- Indian Railways logo

General information
- Location: State highway 243, Pulgaon, Maharashtra India
- Coordinates: 20°43′36″N 78°19′01″E﻿ / ﻿20.7268°N 78.3170°E
- Elevation: 272.32 metres (893.4 ft)
- System: Indian Railways junction station
- Owner: Indian Railways
- Operator: Central Railway
- Line: Nagpur–Bhusawal section of Howrah–Nagpur–Mumbai line
- Platforms: 3

Construction
- Structure type: Standard, on ground
- Parking: Available

Other information
- Status: Functioning
- Station code: PLO

History
- Opened: 1867
- Former names: Great Indian Peninsula Railway

= Pulgaon railway station =

Railway station in Maharashtra, India

Pulgaon railway station serves Pulgaon in Wardha district in the Indian state of Maharashtra.

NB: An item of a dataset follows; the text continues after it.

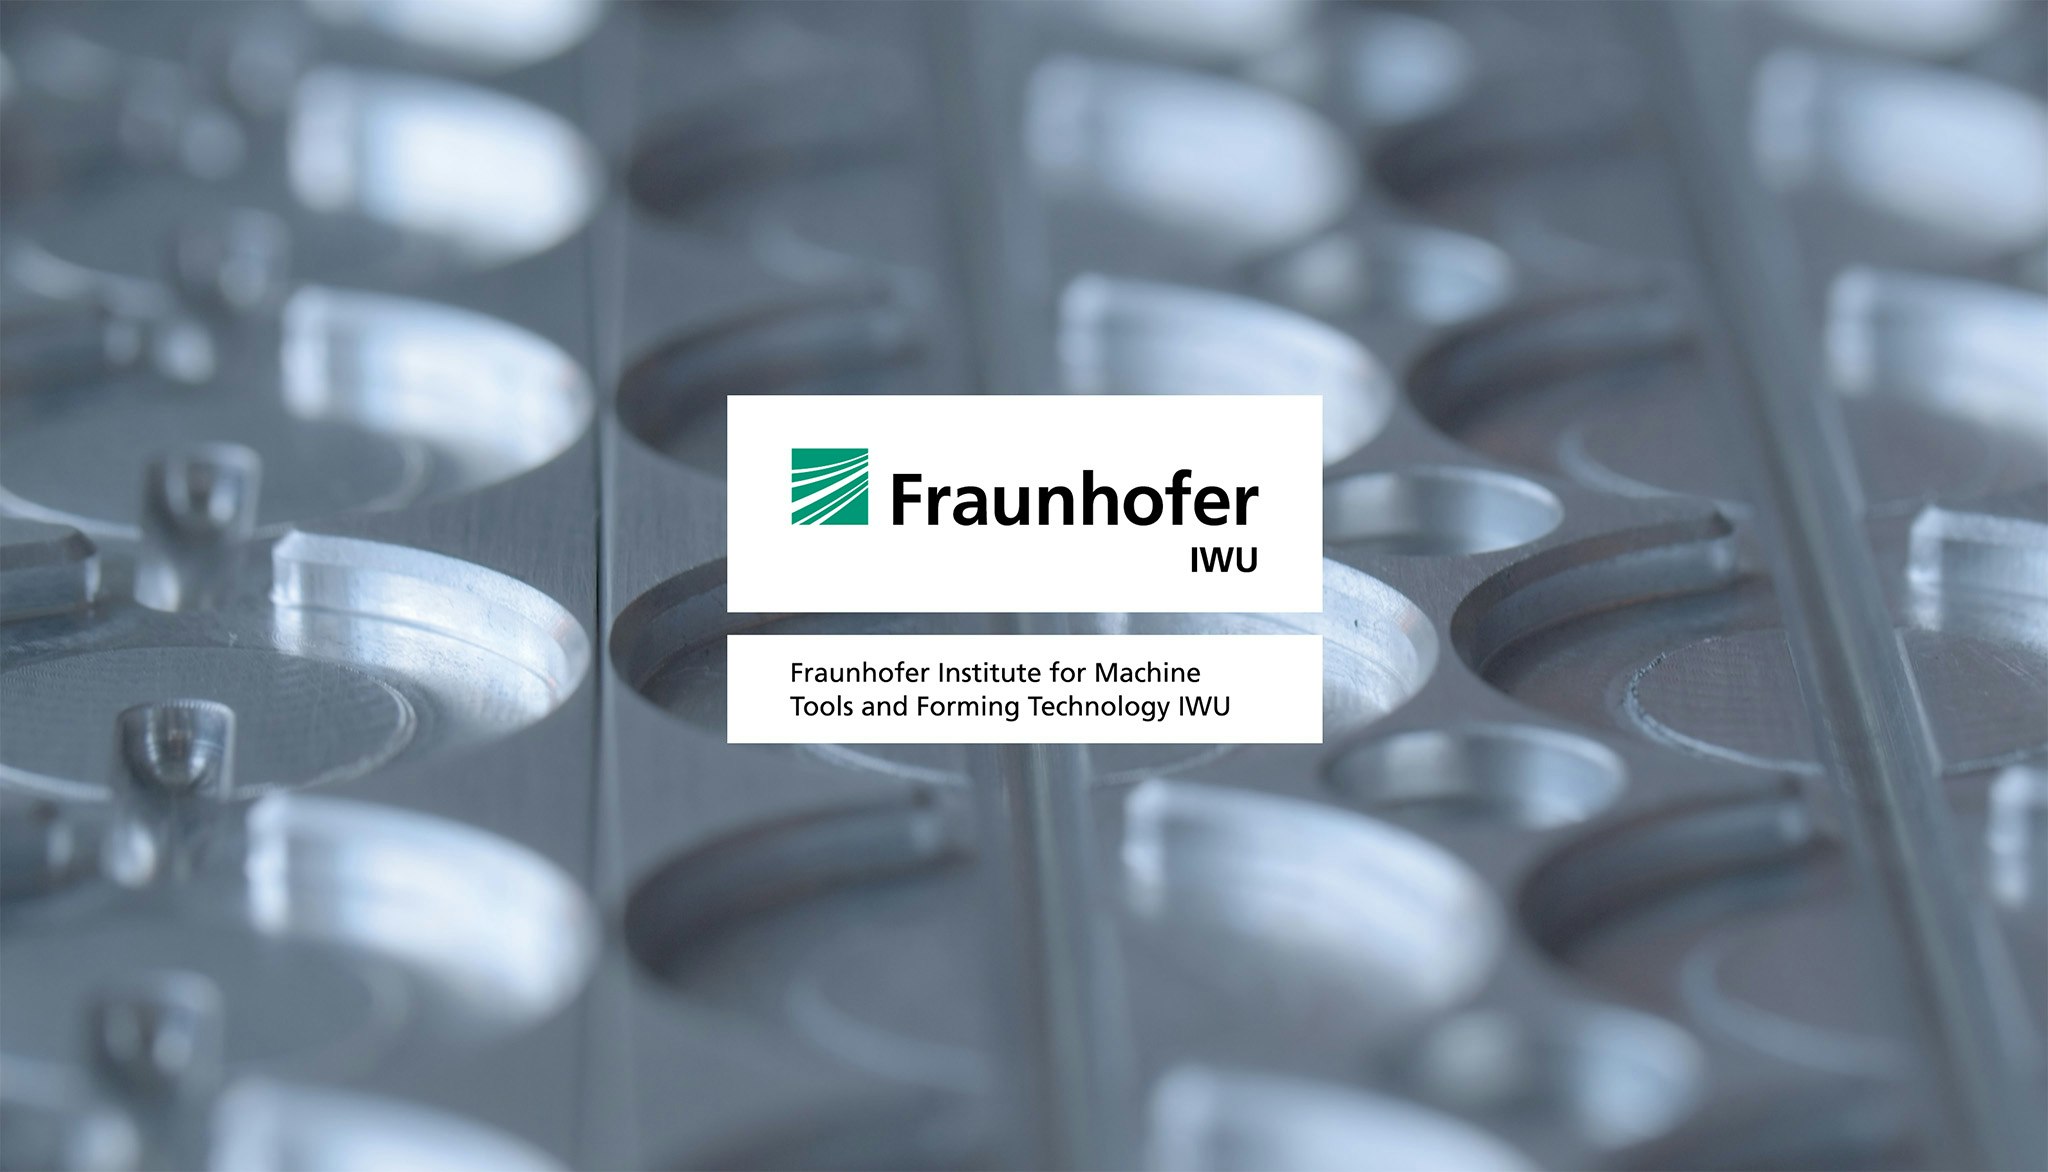 A z.truded EV battery pack with Fraunhofer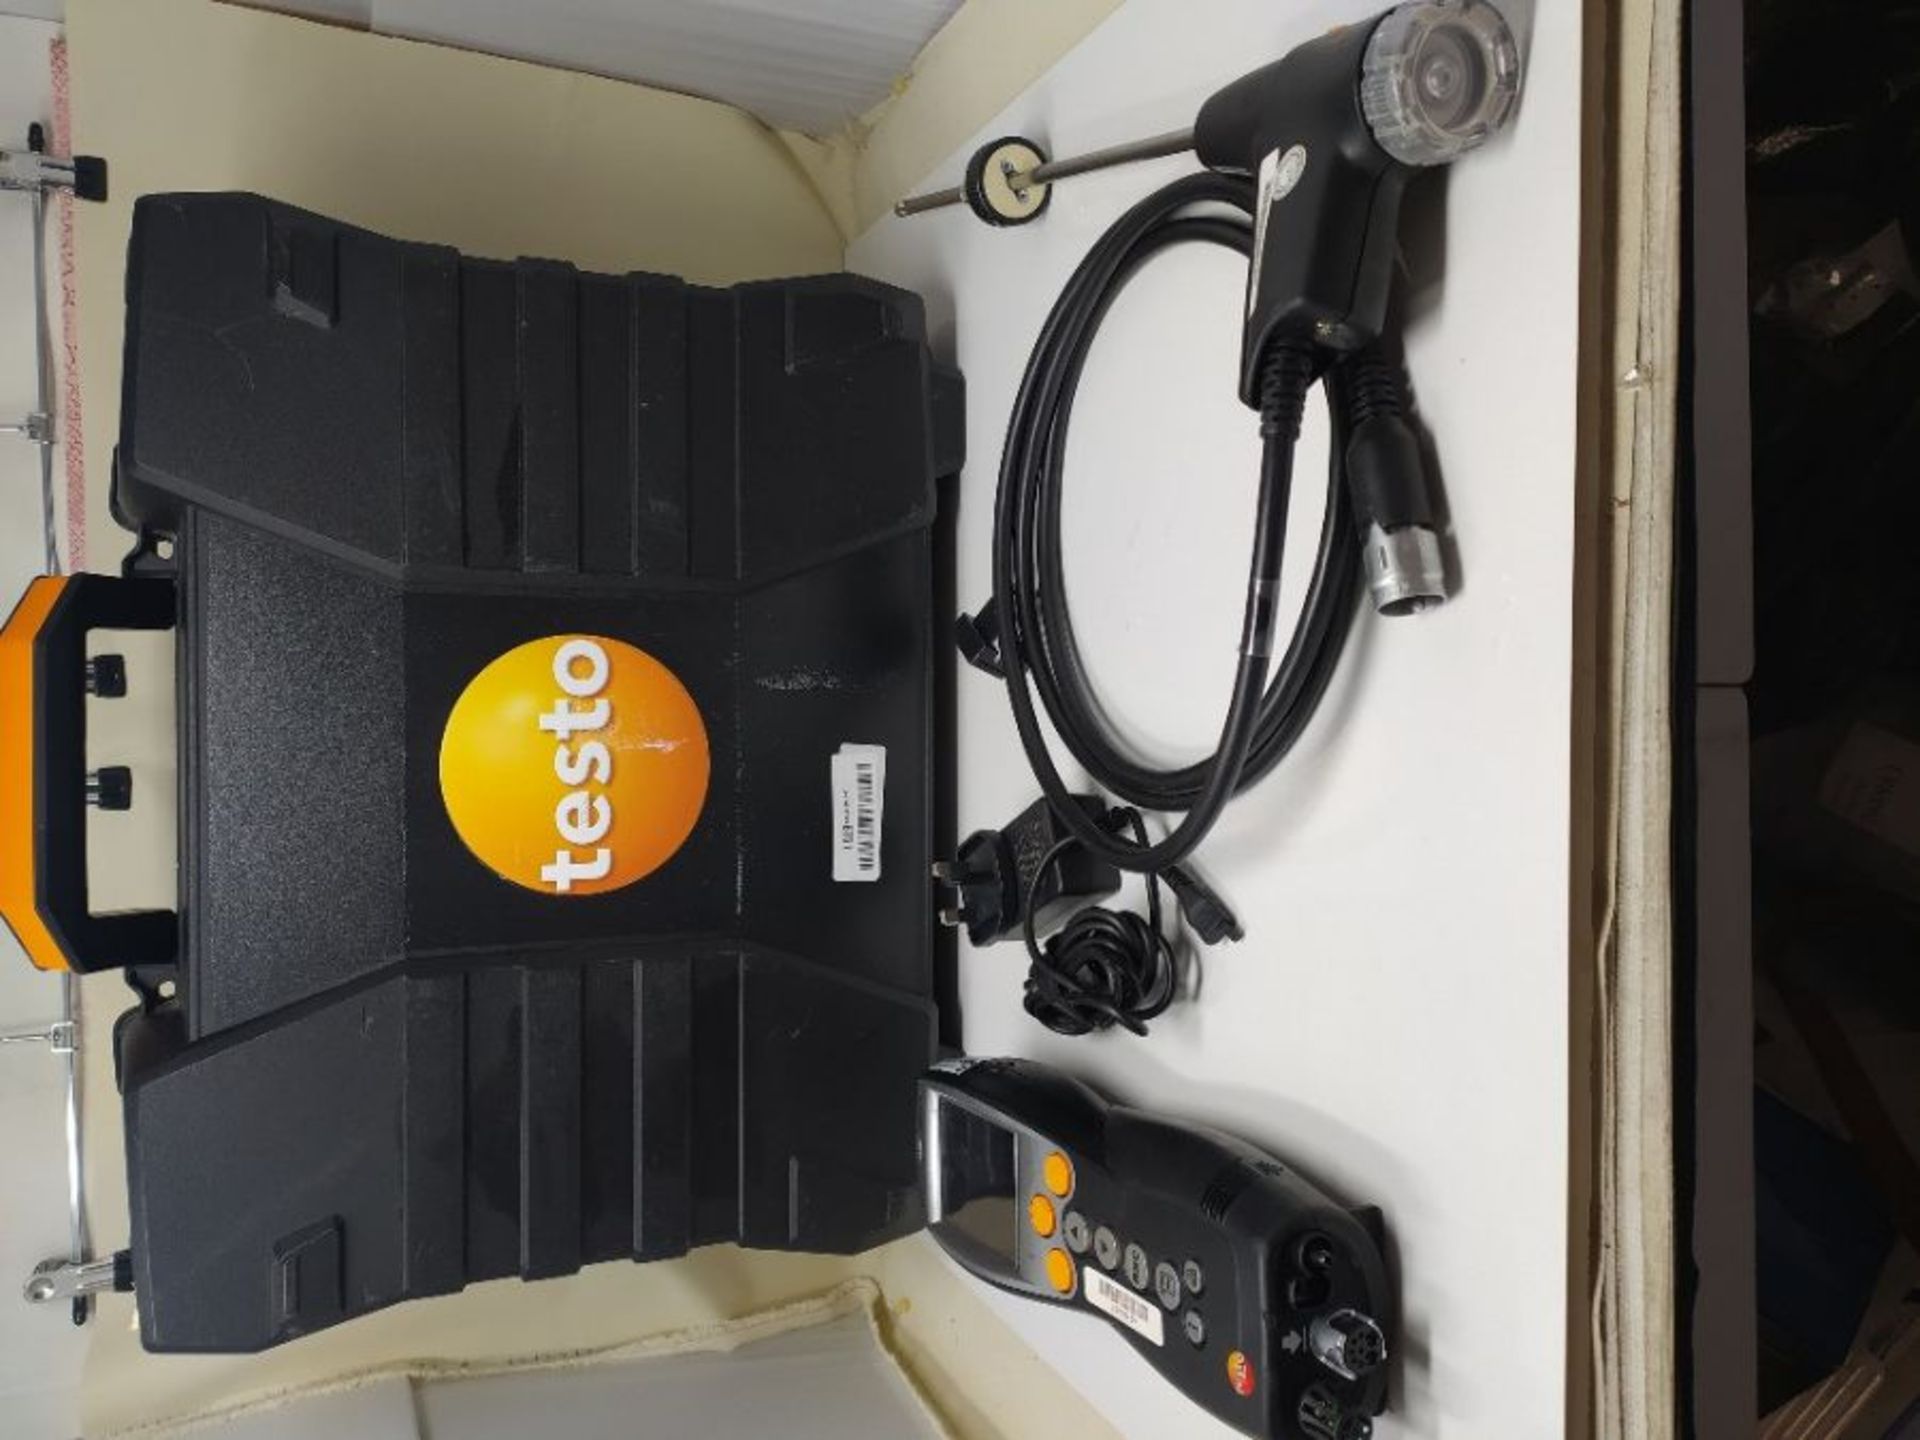 RRP £1766.00 testo 330-2 LL - Flue Gas Analyser (Pro set with Bluetooth) - Image 2 of 3

Pulgaon is on the banks of Wardha River.

==History==
The first train in India travelled from Mumbai to Thane on 16 April 1853. By May 1854, Great Indian Peninsula Railway's Bombay–Thane line was extended to Kalyan. Bhusawal railway station was set up in 1860 and in 1867 the GIPR branch line was extended to Nagpur.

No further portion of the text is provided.